■ Activity ■
Repeat every entry word for word, but leave the images out of your copy.
(Records begins)
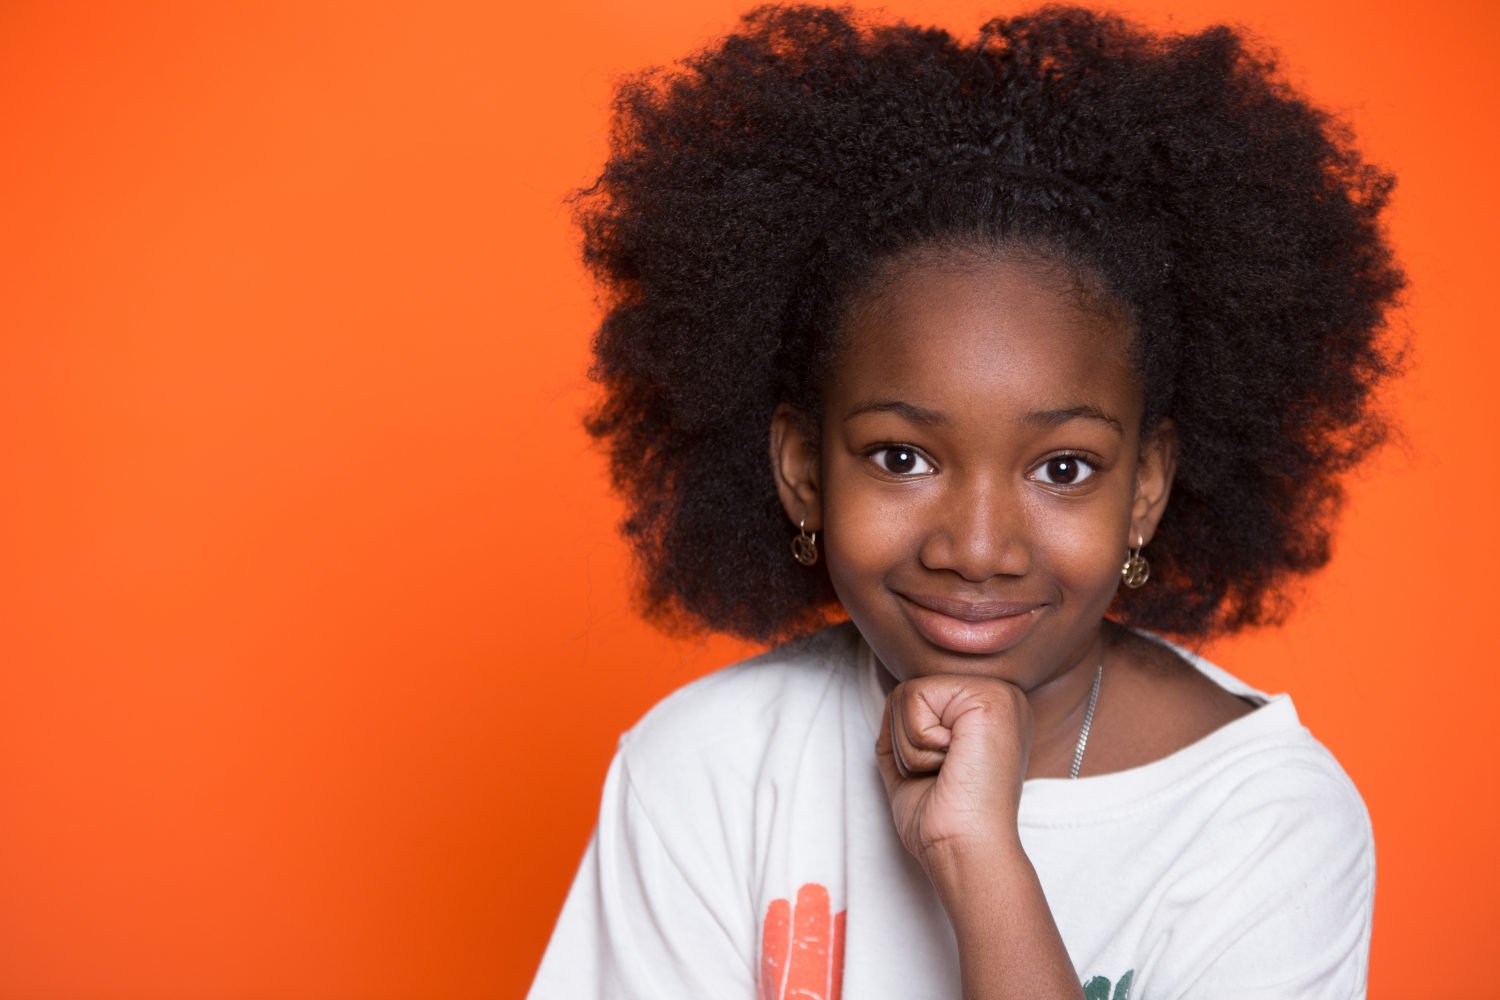 When Natural Hair Wins, Discrimination in School Loses
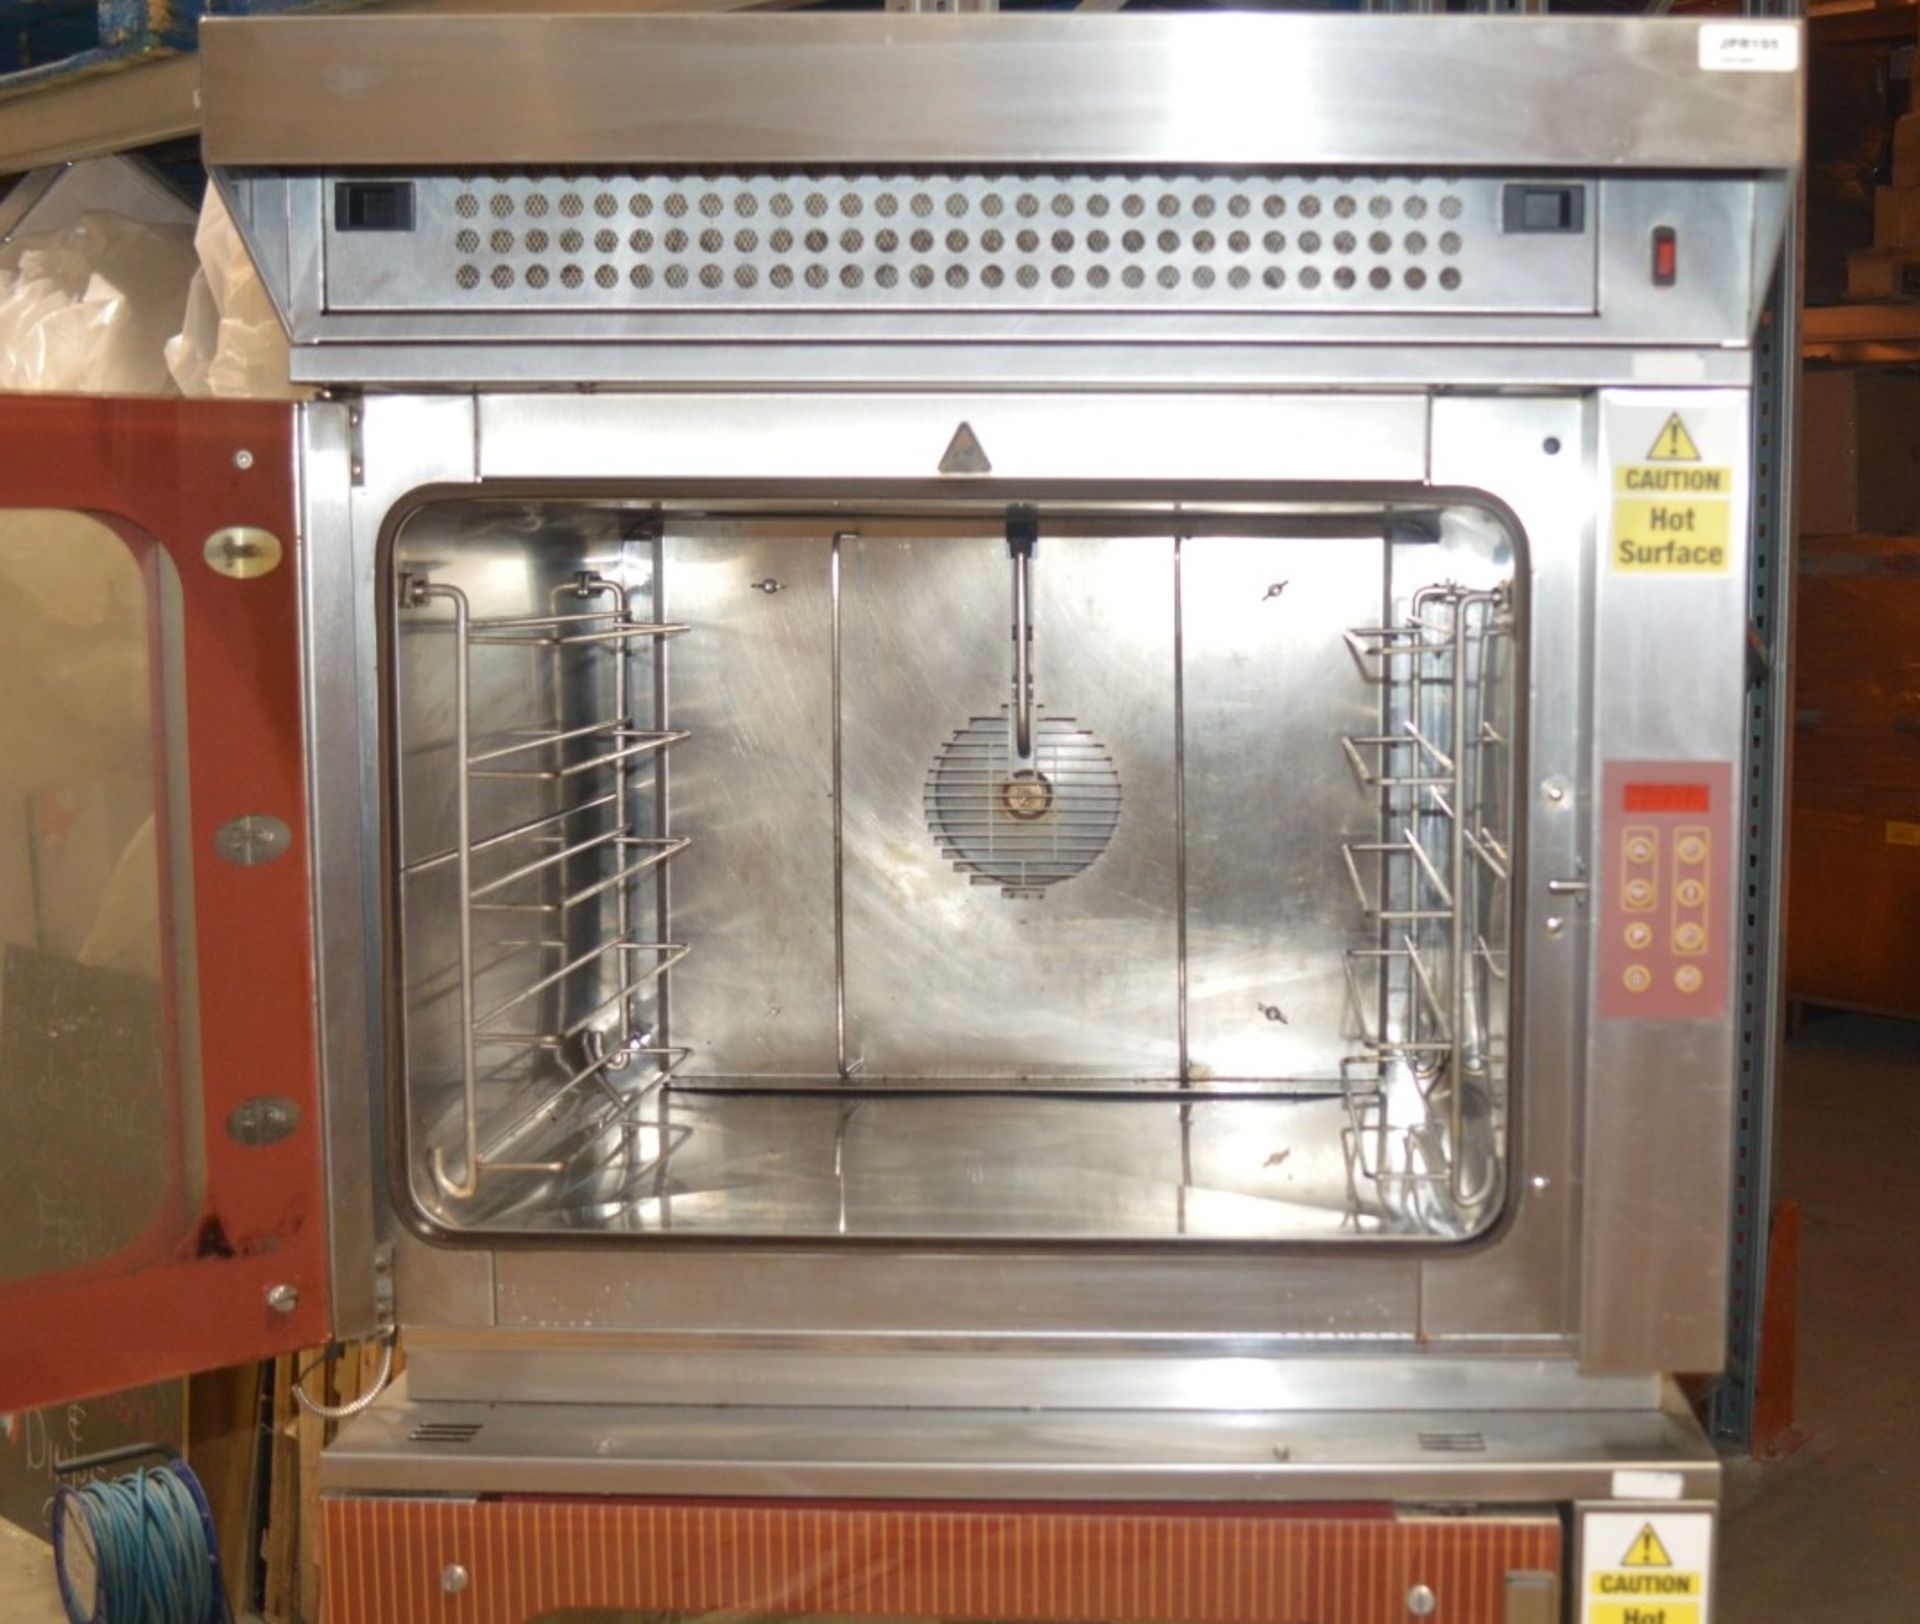 1 x FRI-JADO Stainless Steel Commercial Double Oven And Stand - Dimensions: H180 x W84 x D83cm - - Image 5 of 12
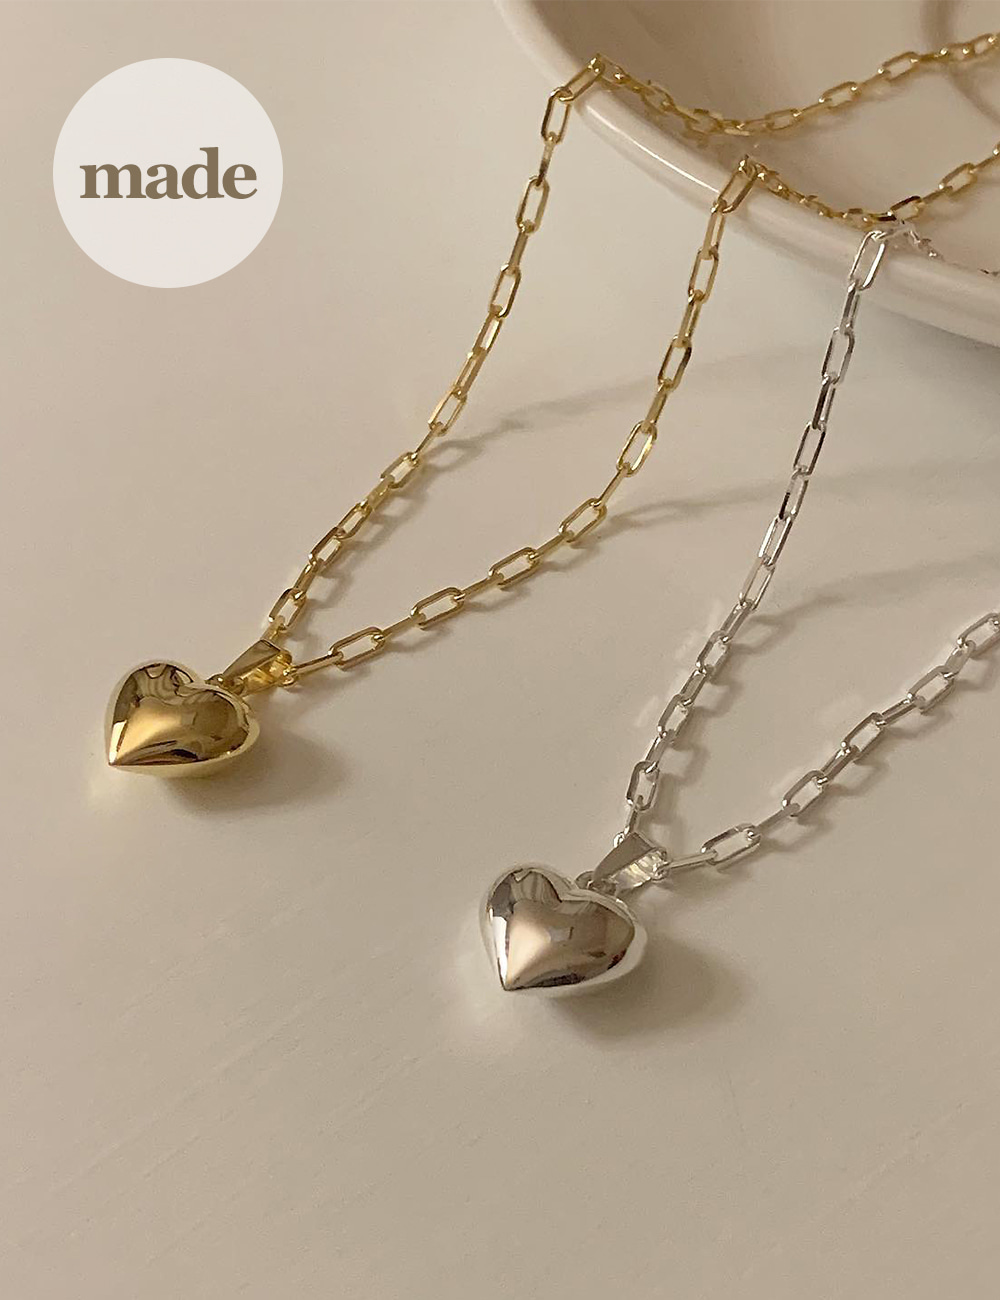 (silver 92.5) Heart chain necklace / gleamme made
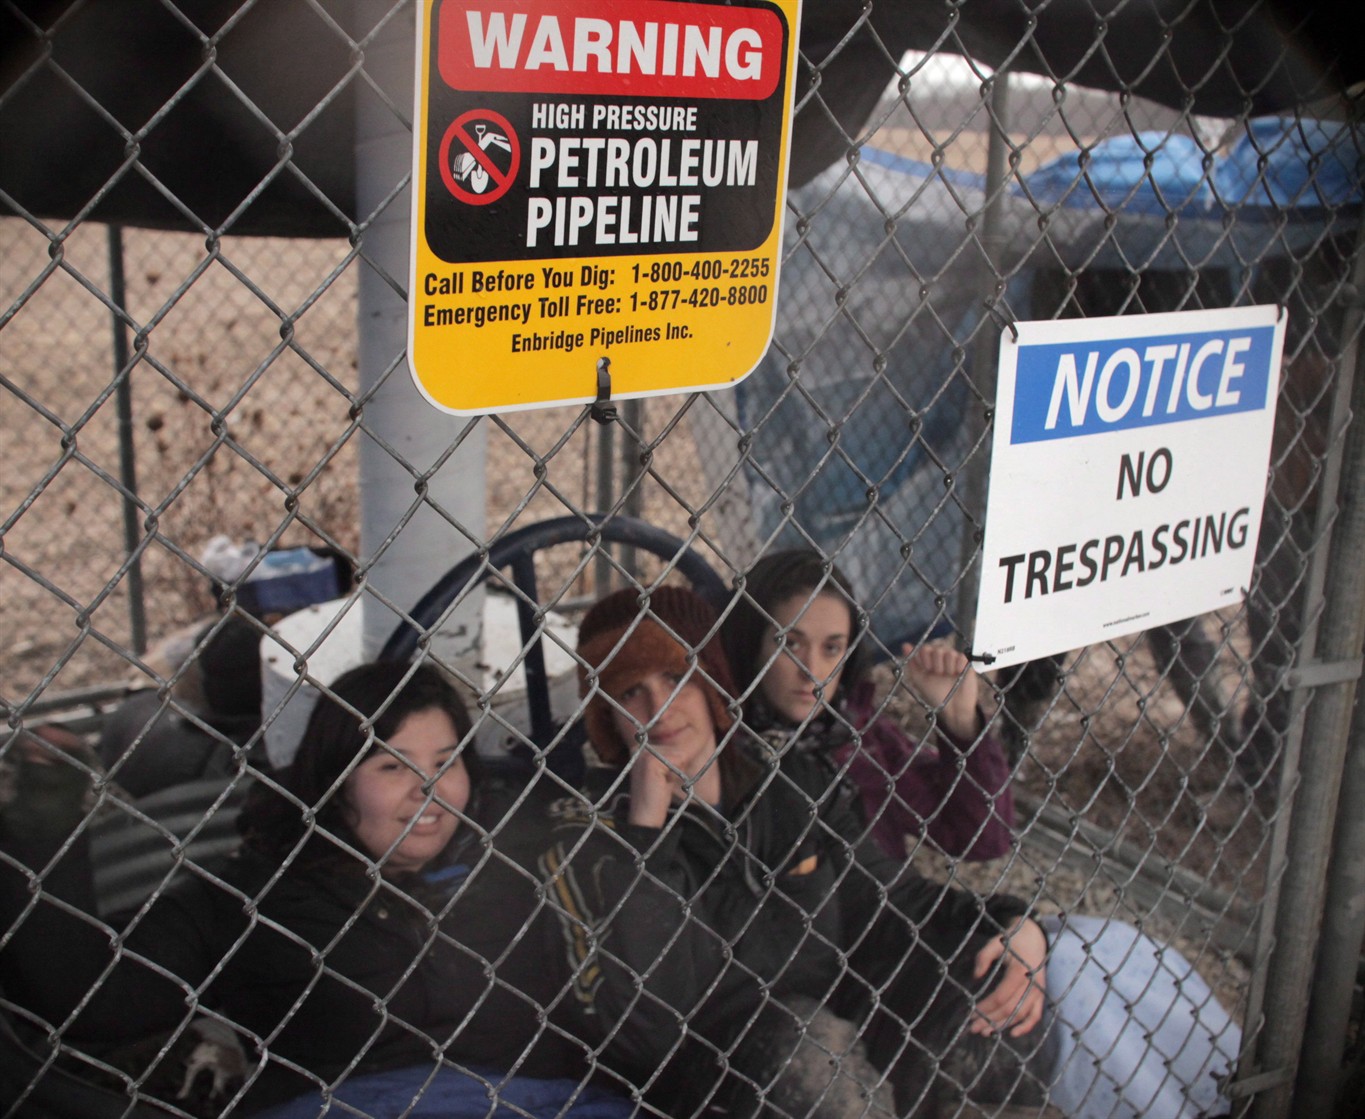 Enbridge says its Line 9 pipeline was offline for about 90 minutes this morning after three activists locked themselves to a valve site east of Sarnia, Ont., Monday, Dec.21, 2015. Enbridge is boosting security after recent cases of pipeline sabotage, THE CANADIAN PRESS/HO
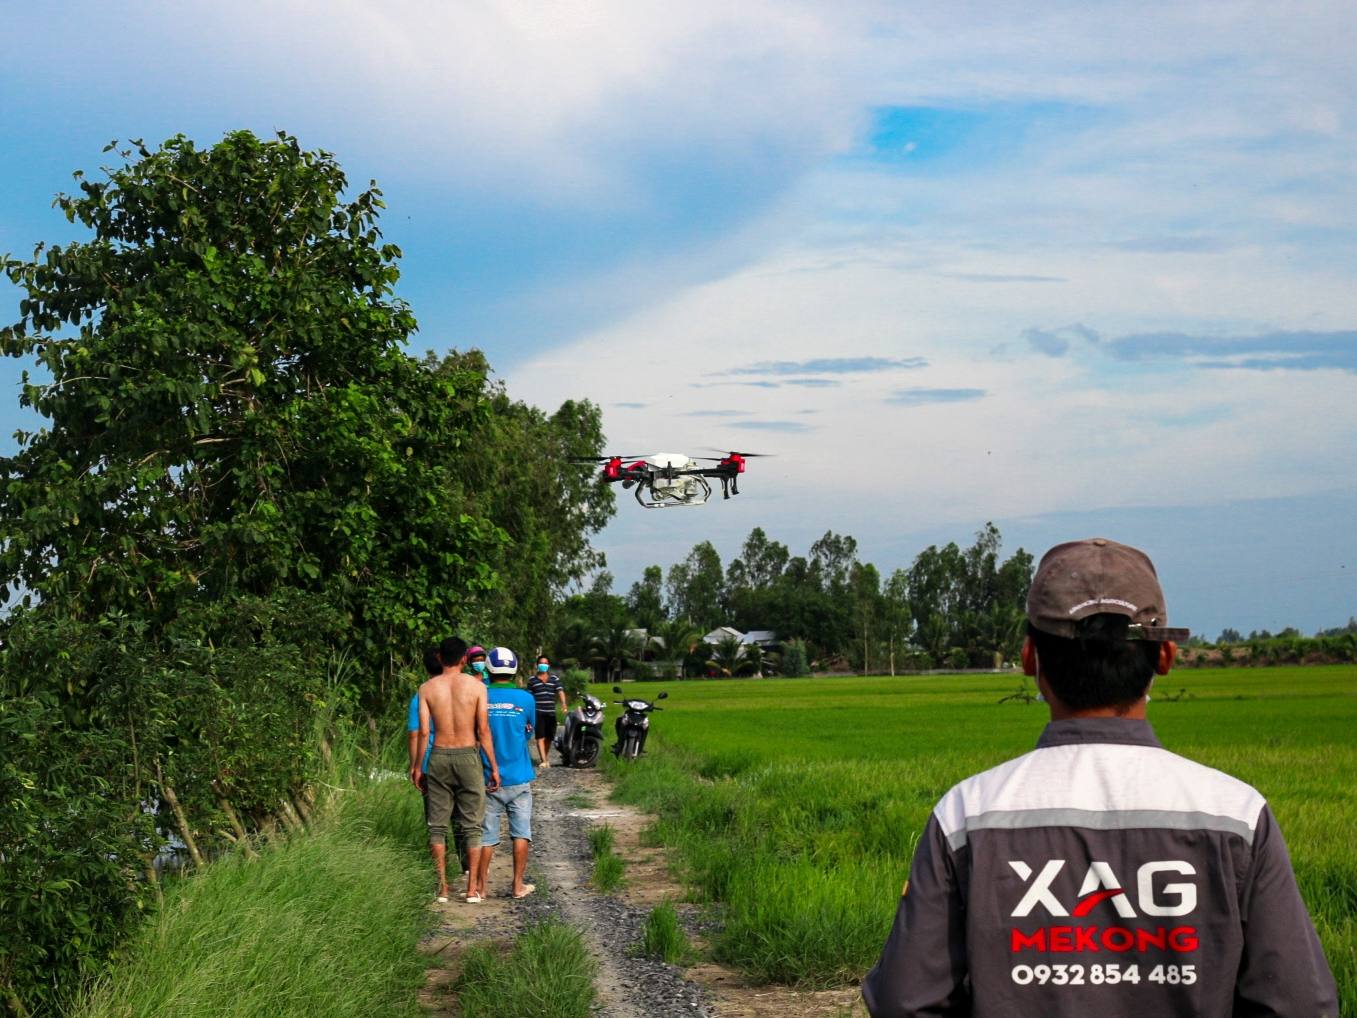 XAG P40 is spraying lime powder to the rice paddy to treat disease
(Records ends)
■ Reply to the exercise ■
 When Natural Hair Wins, Discrimination in School Loses
 1 x FRI-JADO Stainless Steel Commercial Double Oven And Stand - Dimensions: H180 x W84 x D83cm - - Image 5 of 12
 (silver 92.5) Heart chain necklace / gleamme made
 Enbridge says its Line 9 pipeline was offline for about 90 minutes this morning after three activists locked themselves to a valve site east of Sarnia, Ont., Monday, Dec.21, 2015. Enbridge is boosting security after recent cases of pipeline sabotage, THE CANADIAN PRESS/HO
 XAG P40 is spraying lime powder to the rice paddy to treat disease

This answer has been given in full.